In News

By Daniel Mahar

Consider how much time and money goes into research to enable us to live longer and healthier lives, how much we invest to help us understand what happens inside our body, our mind, and what makes us happy.

Because of this, it’s critical that when, after following the progress of a group of people for an extended period of time, finally gathering all the data they can offer, we must use the best possible methods to analyse that data. Anything less and we would be doing a disservice to not only all the people who volunteered their time or underwent treatments but also to everyone involved in that field of research and indeed, all the other statisticians out there.

During my AMSI Vacation Research Project, I have been working on various methods of analysing time dependent data, looking at the strengths and weaknesses of the different methods and what happens when choosing the wrong method to analyse the data. With the improvement in technology and computing power that’s occurred over the past 15 years, as well as the involvement of open source statistical software such as R, we can now use more advanced methods, such as Generalised Least Squares (GLS) and Linear Mixed Effects (LME) models to improve upon the more commonly used methods such as Repeated Measures ANOVA (RMANOVA).

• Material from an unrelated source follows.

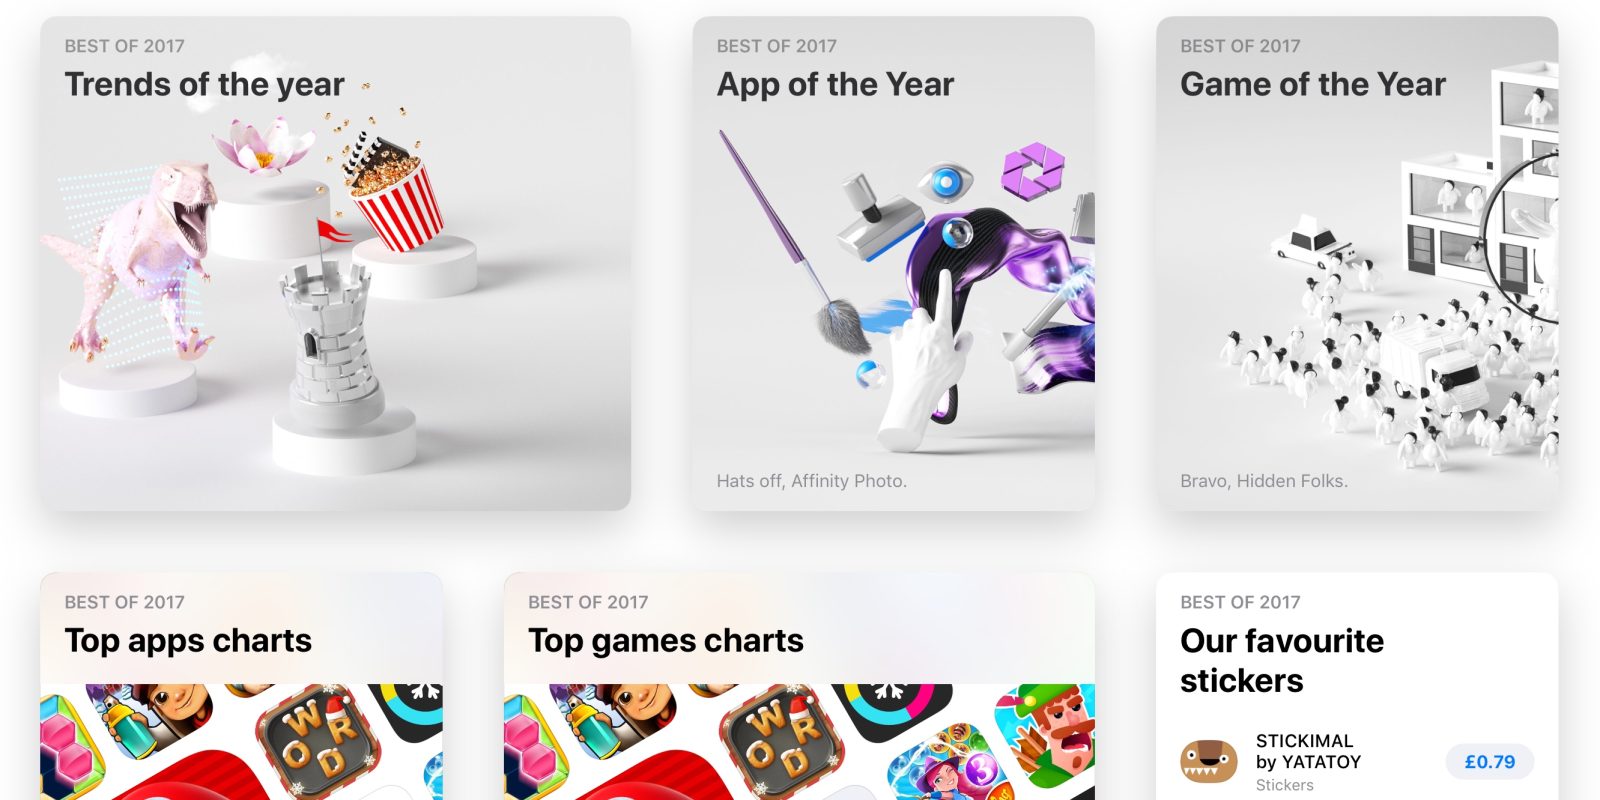 Every game of year. App of the year. Best app of the year. Топ чарт стикер.

An important aspect of this is the ability to choose a more customised correlation structure to more accurately account for the natural errors which exist when taking random samples and one which more accurately reflects the nature of people and how they change over time.

Given the relatively recent developments of GLS and LME, testing showed that although both attempt to estimate the same coefficients and confidence intervals, they go about it in different ways and consequently, whilst there was little or no difference in their estimation of the coefficients, there was a significant difference between the two methods in estimating their confidence intervals. This difference also turned out to be the most significant difference, more so than the choice of correlation structure chosen within each model.

The question still remains of which model to choose and more importantly, why? Sadly there is no definitive answer here, each model may well be more suitable under different circumstances and indeed, the best model may yet be an unknown model that lies somewhere in between the GLS and LME. What is important is that as the statistician, you’re able to justify why you’re choosing that model, why it works best under the given circumstances and consequently, why you have the most accurate possible results that can be relied upon for decision making.

 

Daniel Mahar was one of the recipients of a 2013/14 AMSI Vacation Research Scholarship.